*** INPUT DATA Section Begins ***

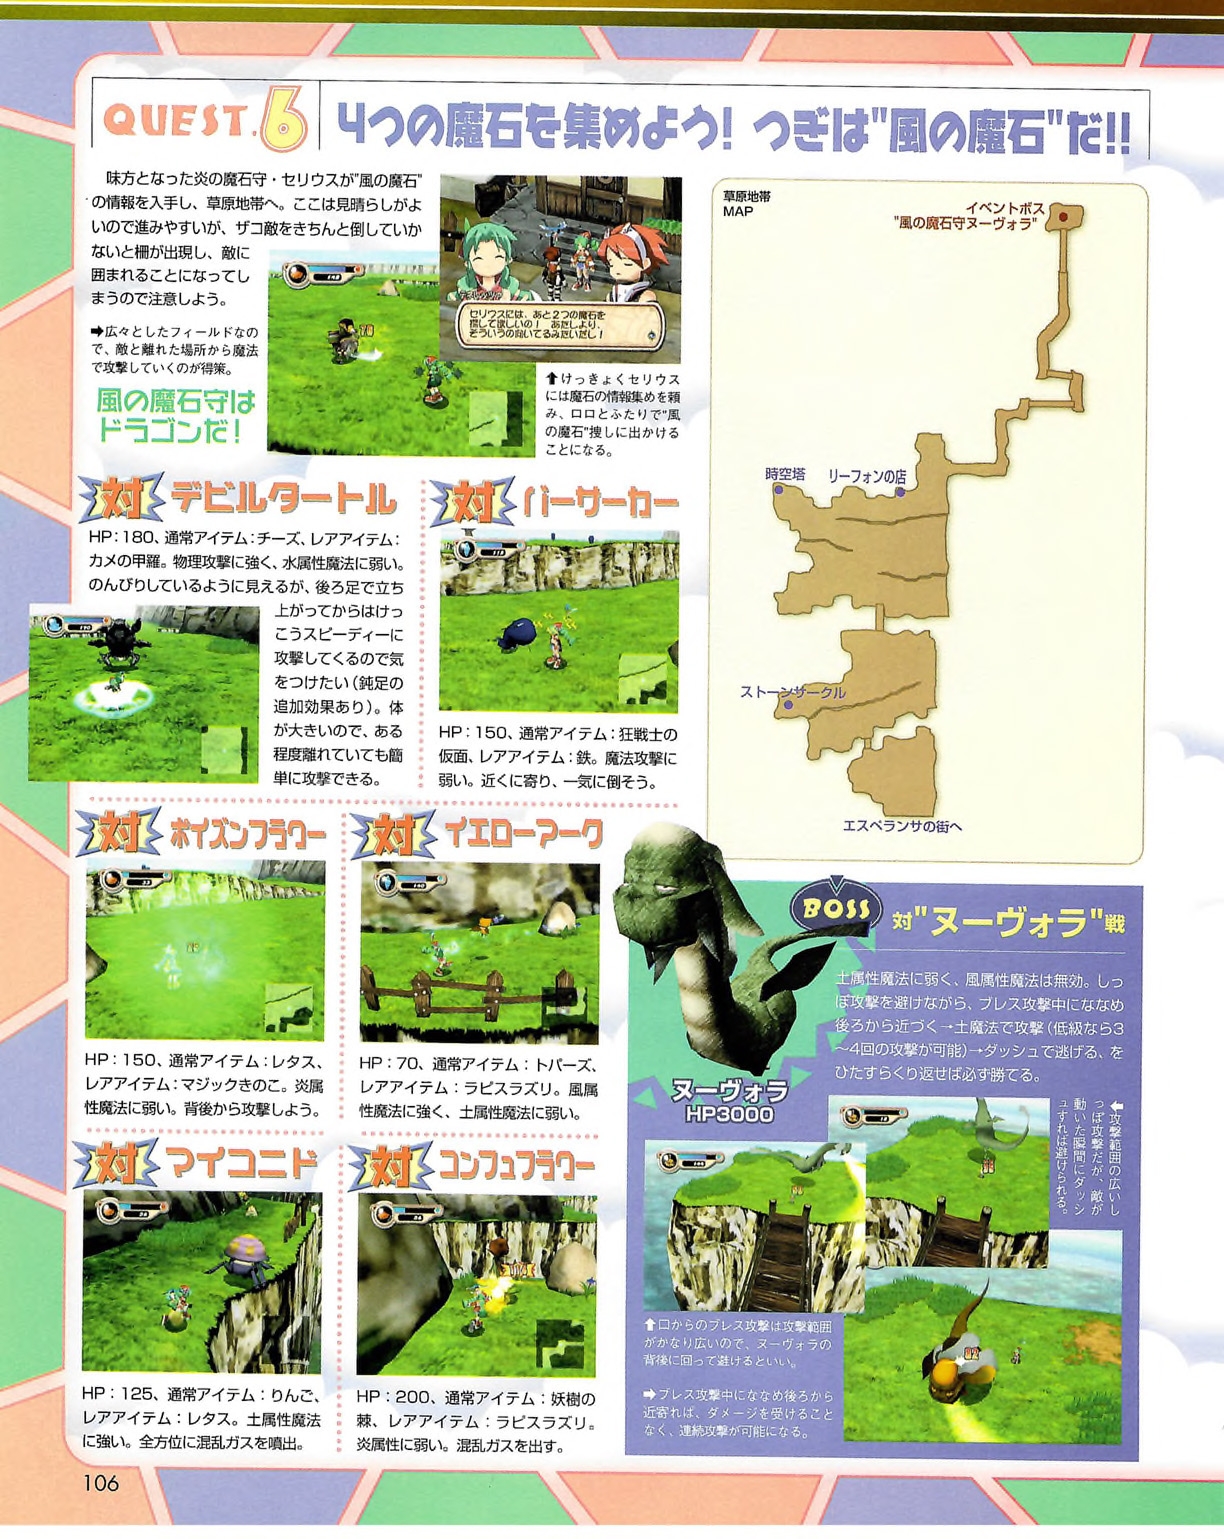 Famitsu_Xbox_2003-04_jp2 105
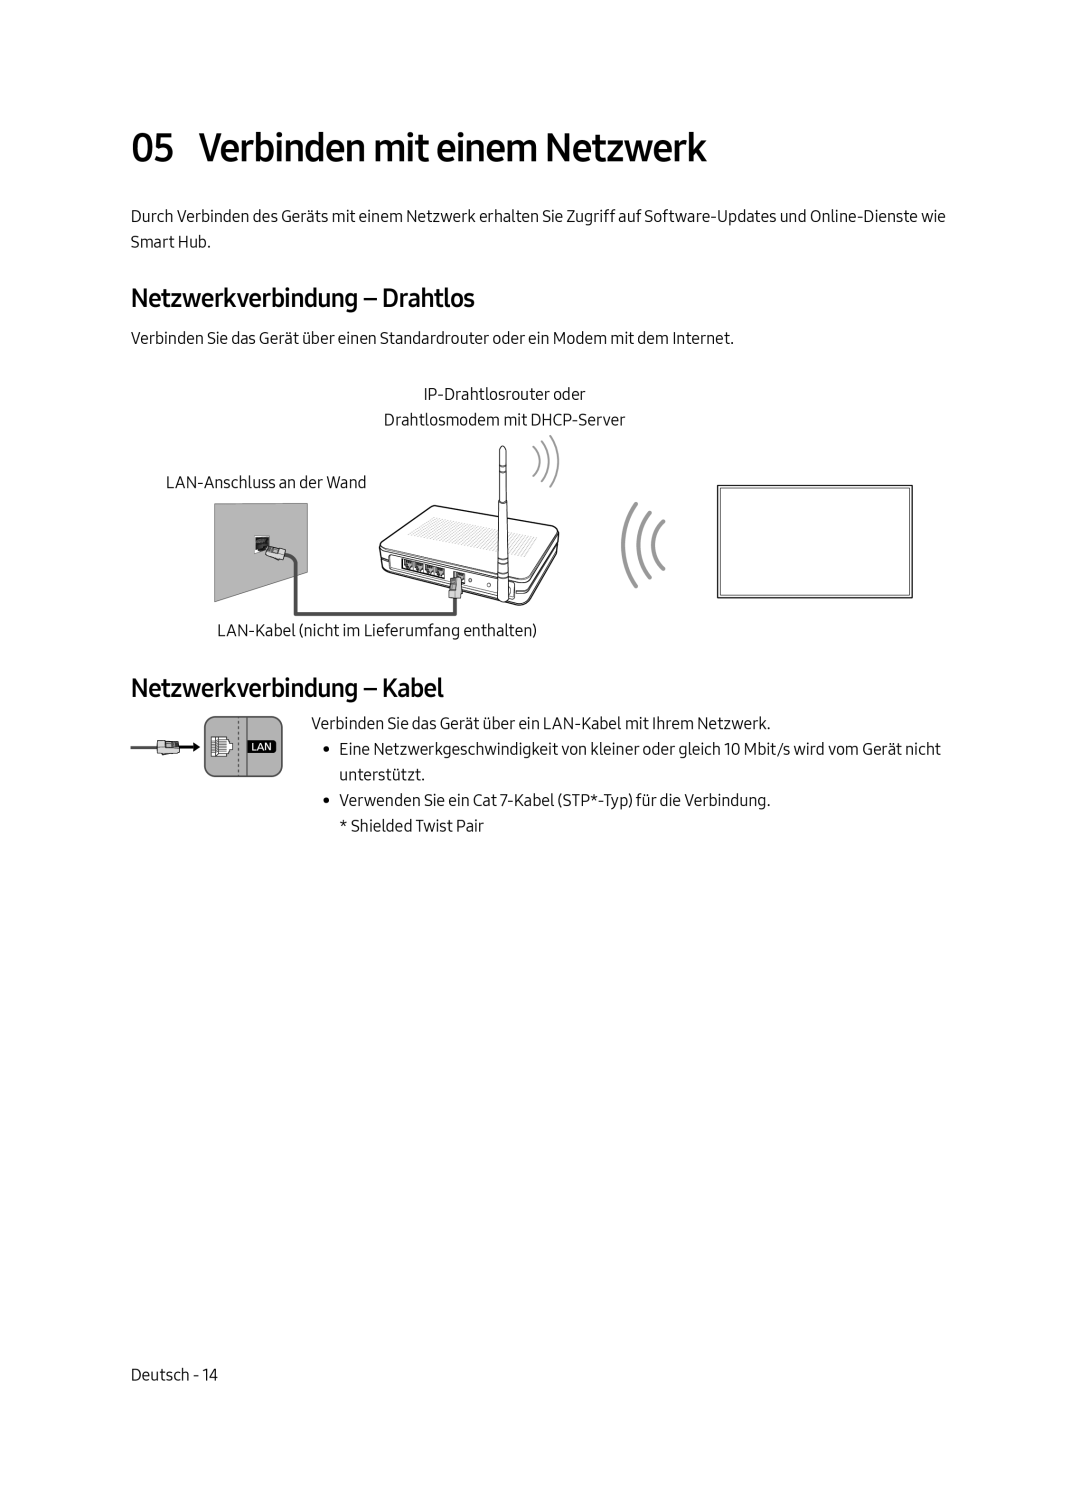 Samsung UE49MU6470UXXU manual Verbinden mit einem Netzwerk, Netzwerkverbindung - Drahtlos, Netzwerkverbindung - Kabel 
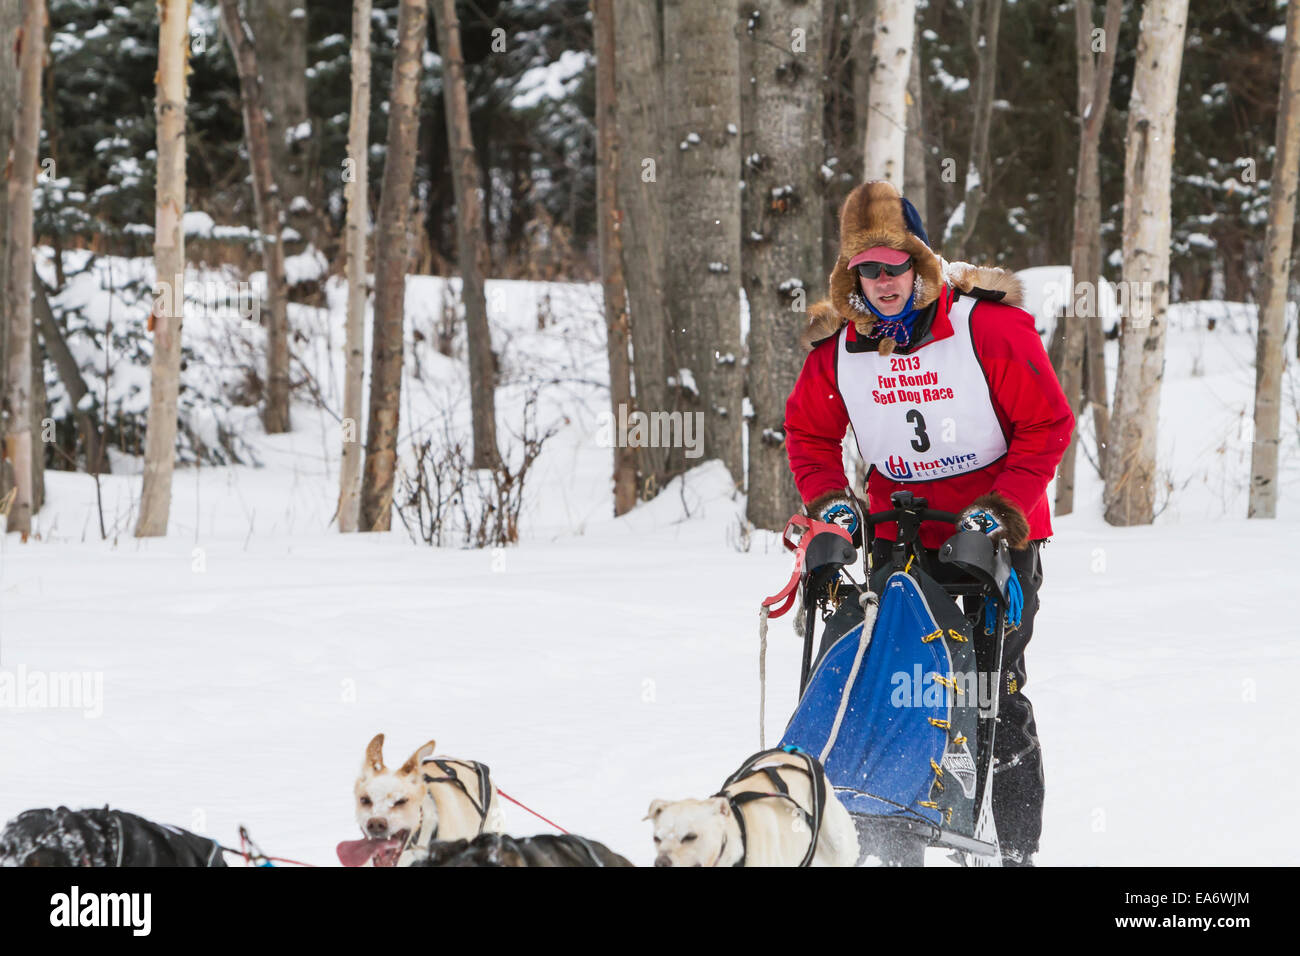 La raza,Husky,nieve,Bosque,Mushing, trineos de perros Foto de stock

*** INPUT DATA Section Ends ***

Repeat the data word for word, excluding any image.

 Famitsu_Xbox_2003-04_jp2 105
 Samsung UE49MU6470UXXU manual Verbinden mit einem Netzwerk, Netzwerkverbindung - Drahtlos, Netzwerkverbindung - Kabel 
 La raza,Husky,nieve,Bosque,Mushing, trineos de perros Foto de stock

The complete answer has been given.